- **EXERCISE GOAL**: Using the records below, write out only the lines from the line containing "456 Main Street, Chatham, MA" up to and including the line containing "Boy and girl", exactly, with no pictures.

+++ GIVEN DATA

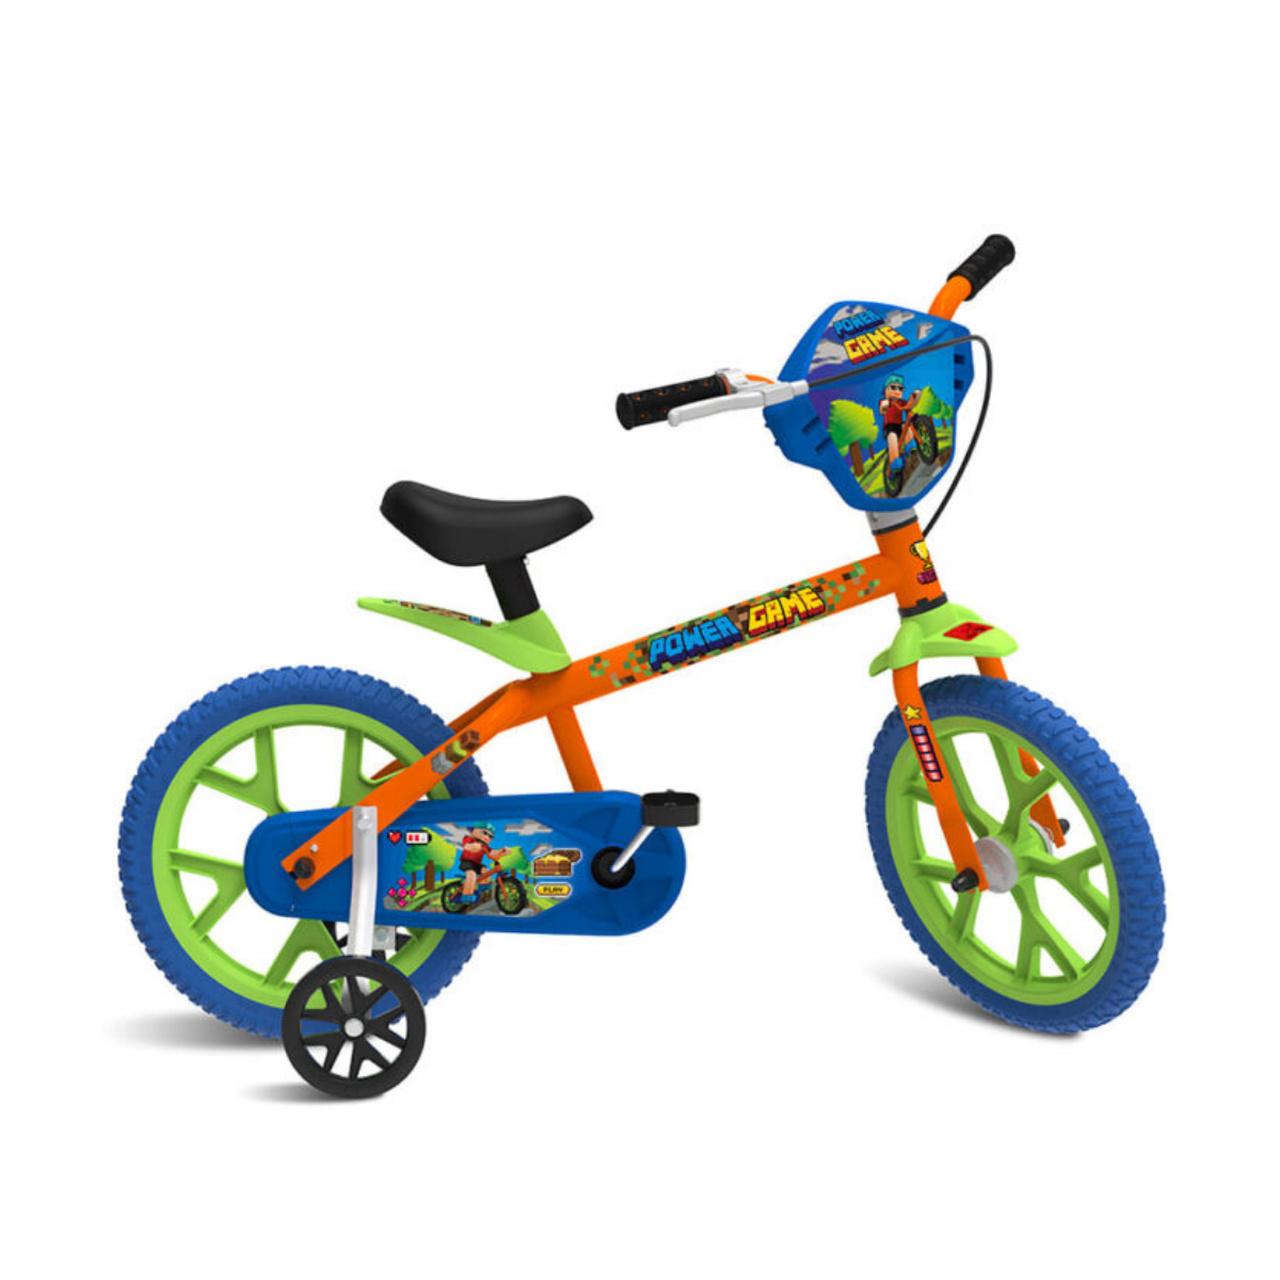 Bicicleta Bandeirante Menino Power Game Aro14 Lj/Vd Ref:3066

++++++
+++ GIVEN DATA

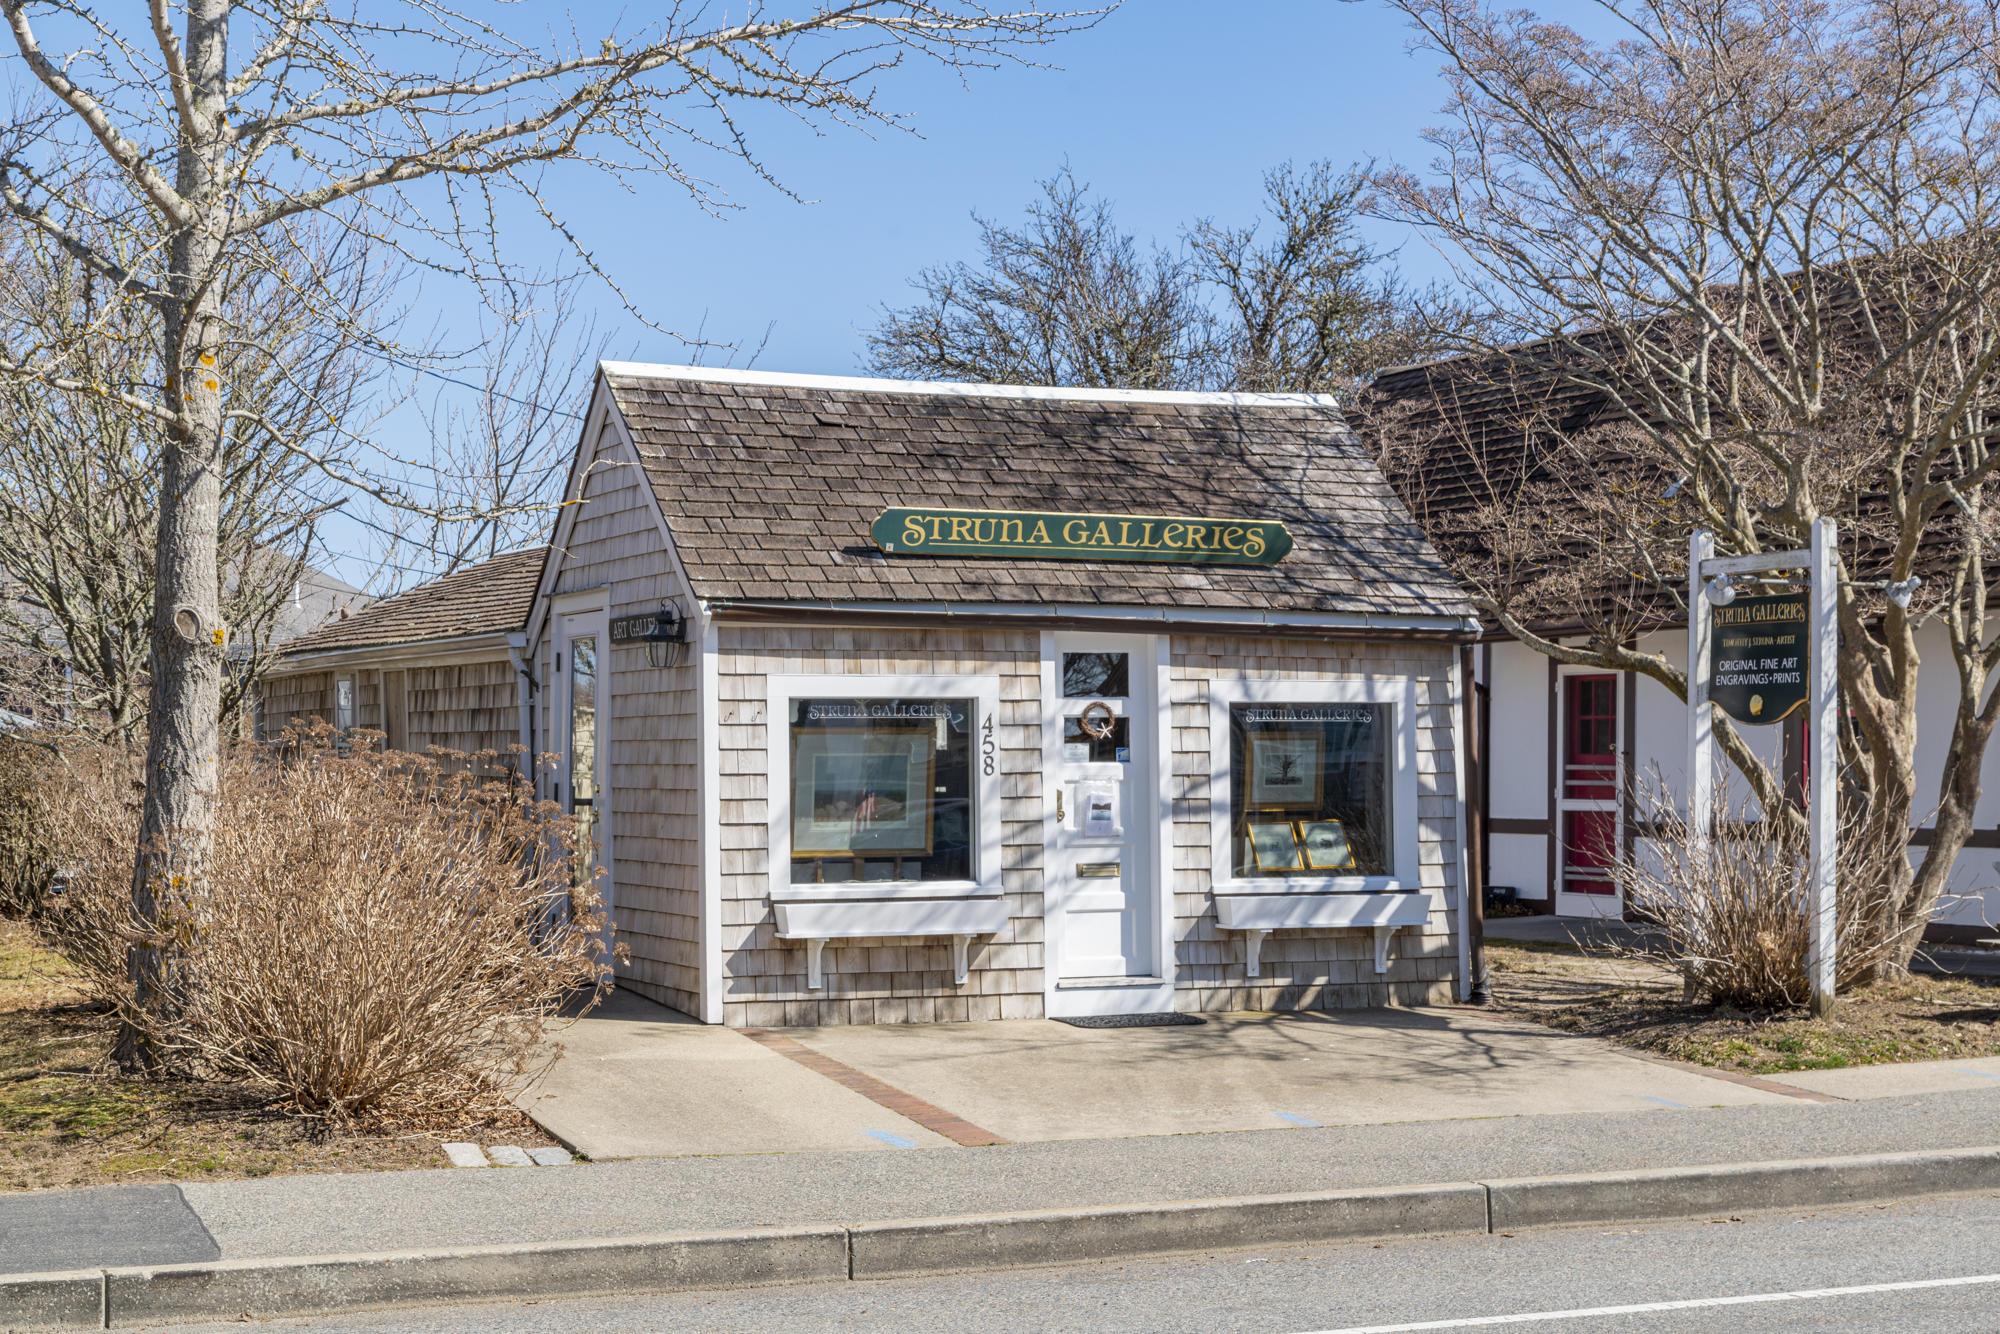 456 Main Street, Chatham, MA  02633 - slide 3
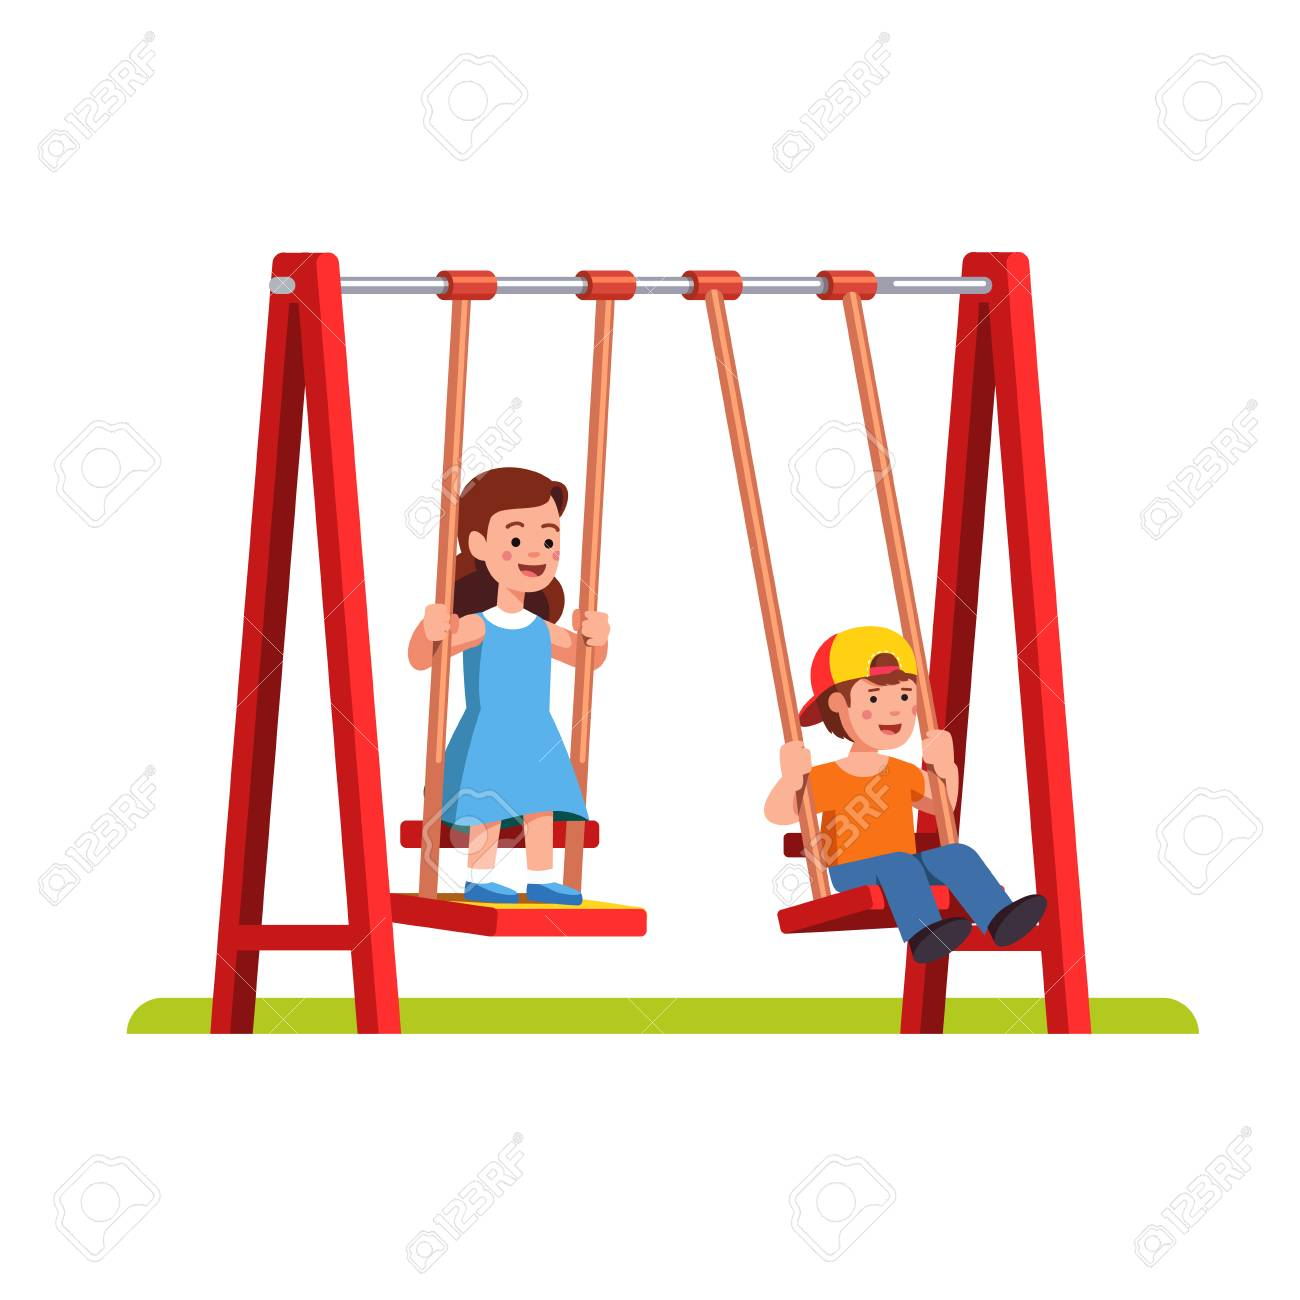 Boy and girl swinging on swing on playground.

++++++

- **SOLUTION TO THE EXERCISE**:
 456 Main Street, Chatham, MA  02633 - slide 3
 Boy and girl swinging on swing on playground.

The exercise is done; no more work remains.